Quantitative analysis for total phenolic and flavonoids content

To assess the phytochemicals quantitatively, 1mg of extract from each solvent was dissolved in 1mL Methanol separately. Consequent mixture was vortexed and separated for analysis. For the assessment of total content for phenols Folin—Ciocalteu reagent test was used. In brief, 1mL solution (1mgmL^-1) was added to 2.5mL of (10%) Folin—Ciocalteu with supplementary addition of 2mL solution of (2%) sodium carbonate (Na₂CO₃). The consequential blend was incubated for fifteen min in the dark to measure absorbance at 765nm in 96-well ELISA plate using (SpectraMax 190, Meigu molecular International Co. Ltd., Shanghai China). To build a standard curve, Gallic acid was used (1mgmL^-1) at different concentrations such as 1, 0.50, 0.25, 0.10, 0.05, 0.02, 0.01, 0 mgmL^-1 to describe the obtained results as Gallic acid equivalent (GAE) mgg^-1 of total extract. Each treatment was replicated ten times to analyze the data.
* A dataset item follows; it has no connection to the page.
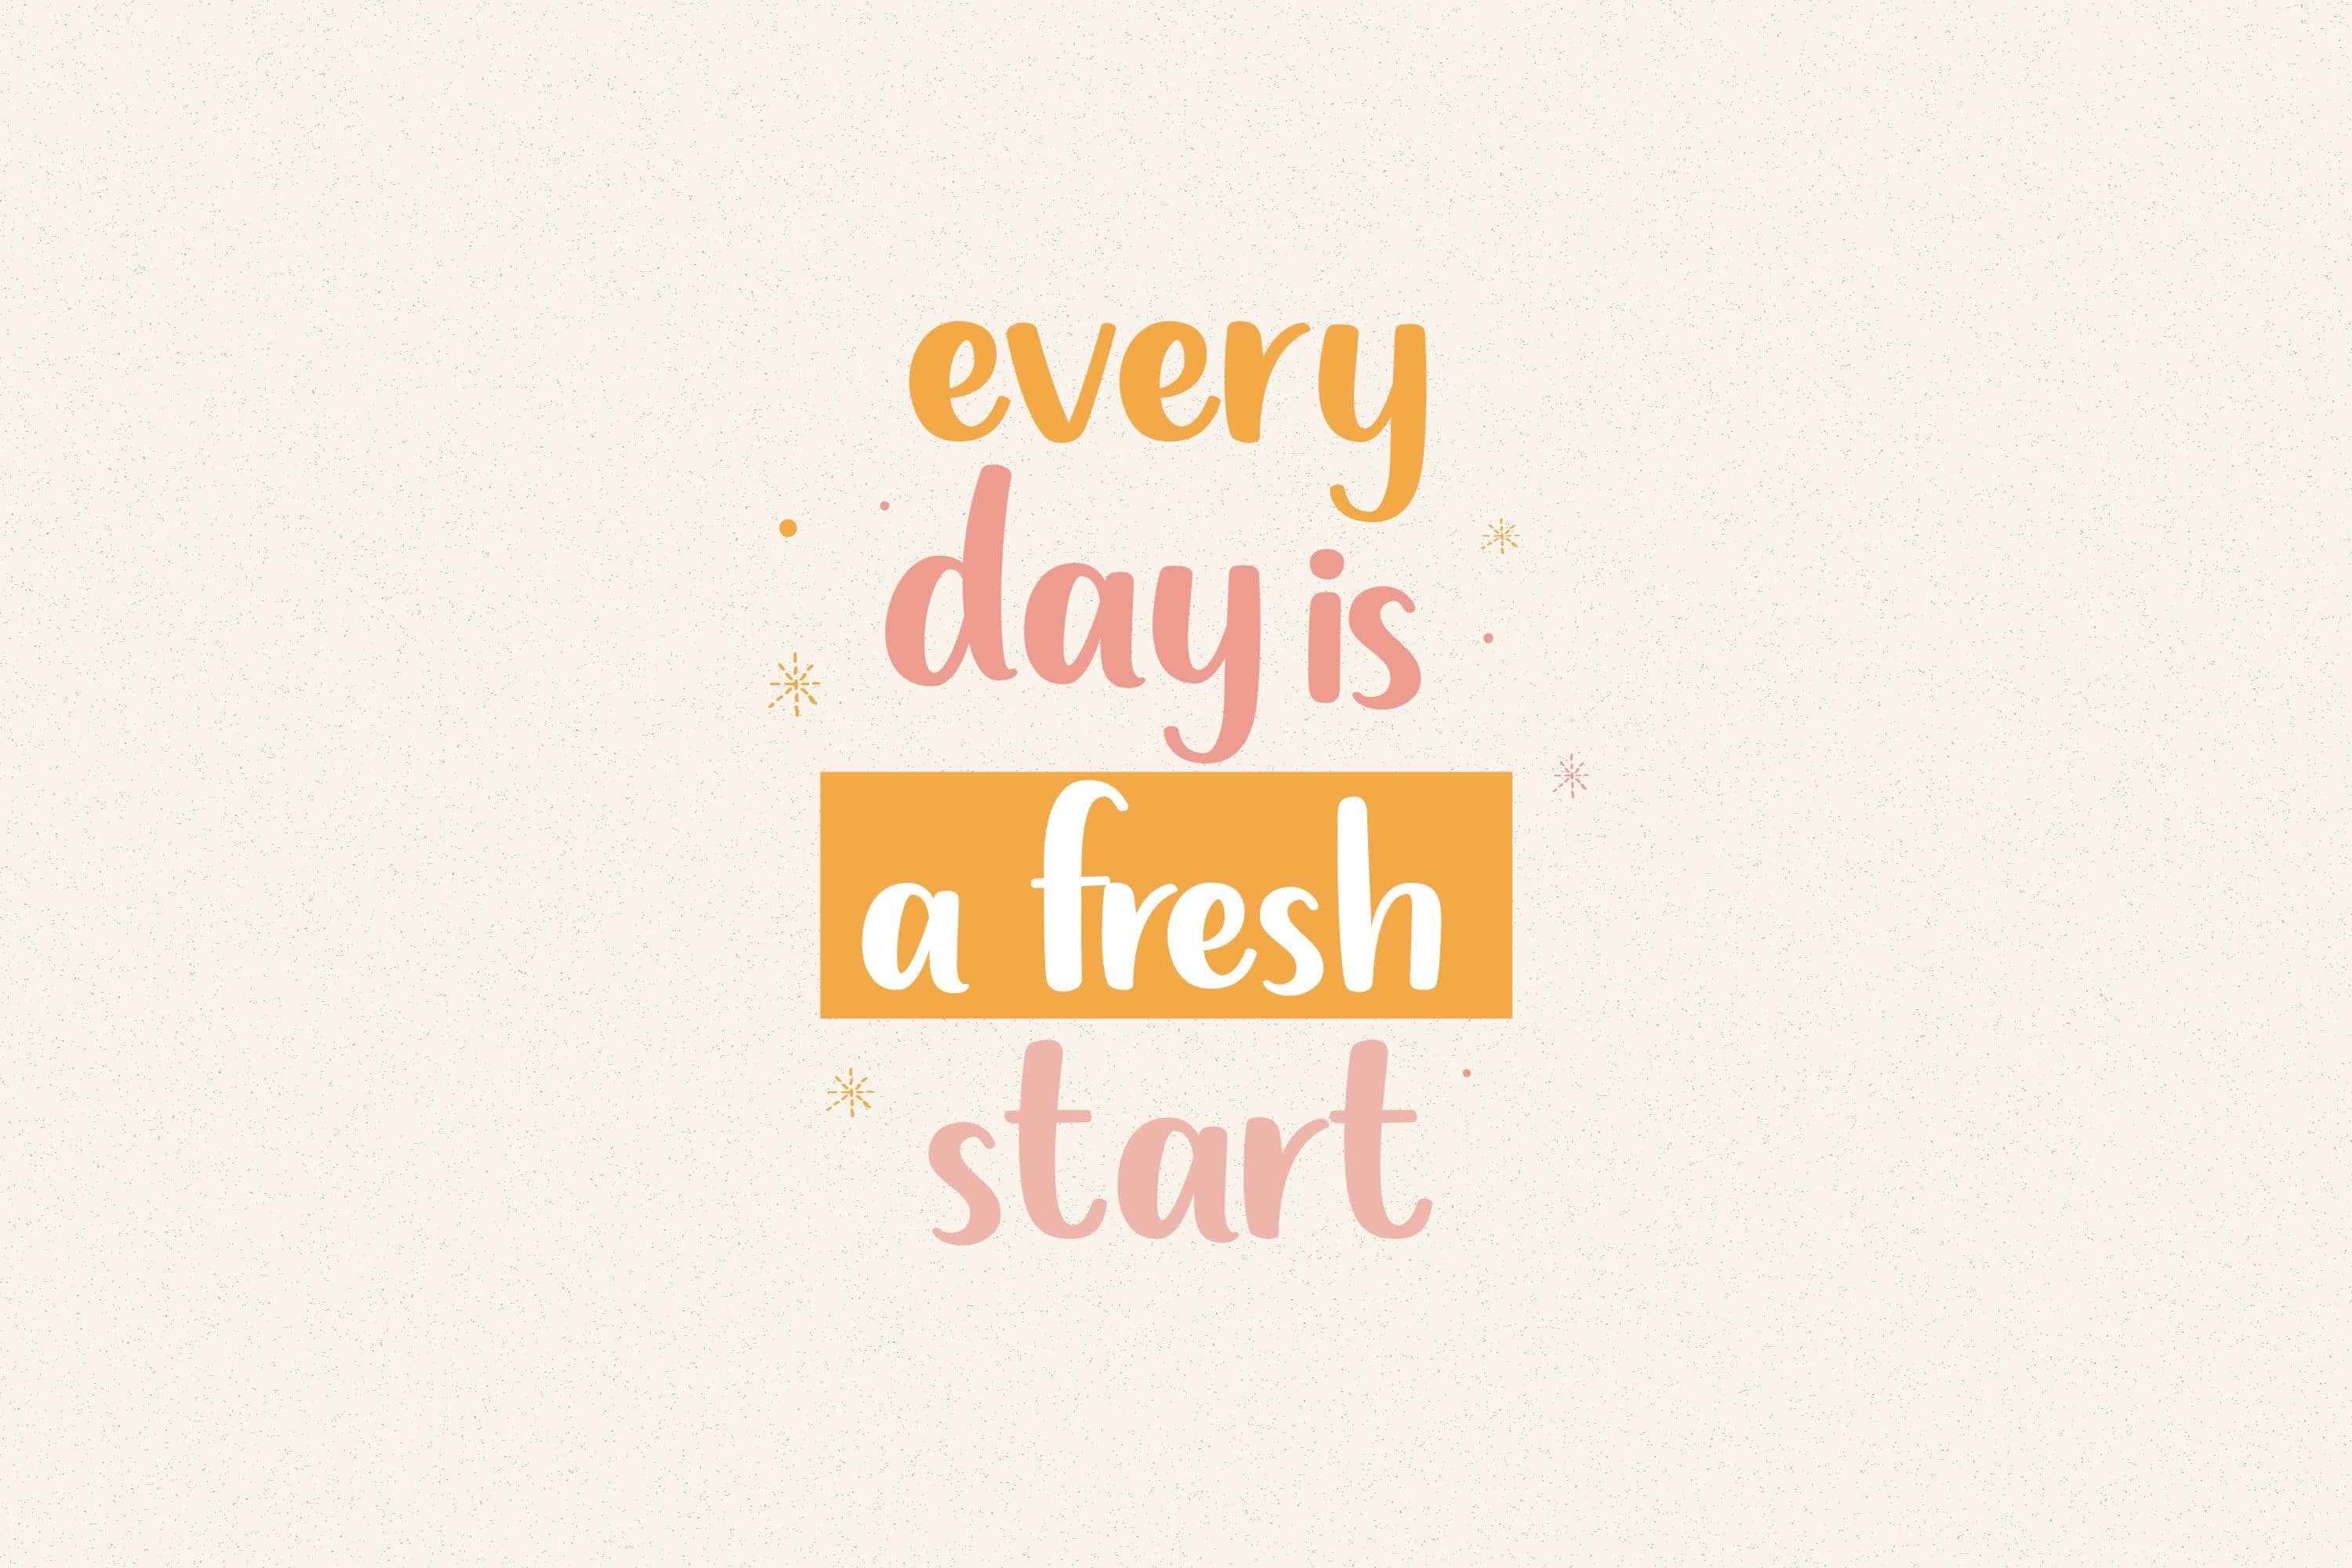 Slogan "Every day is a fresh start".

To examine the total flavonoids content, aluminium chloride colourimetric method was adopted. Briefly, 1mL solution (1mgmL^-1) was poured into 3mL methanol, with addition of 0.2mL of 1M Potassium acetate (CH₃COOK), 0.2mL of (10%) aluminium chloride (AlCl₃) and at the end, distilled water 5.6mL was added to the consequent mixture. The incubation of solution was performed for half an hour in the darkness and absorbance at 420nm was measured. A standard curve was built using quercetin at different concentrations such as 1, 0.50, 0.25, 0.10, 0.05, 0.02, 0.01, 0 mgmL^-1 to represent the results as quercetin equivalent (QE) mgg^-1 of total extract. The procedure was replicated 10 times for each treatment.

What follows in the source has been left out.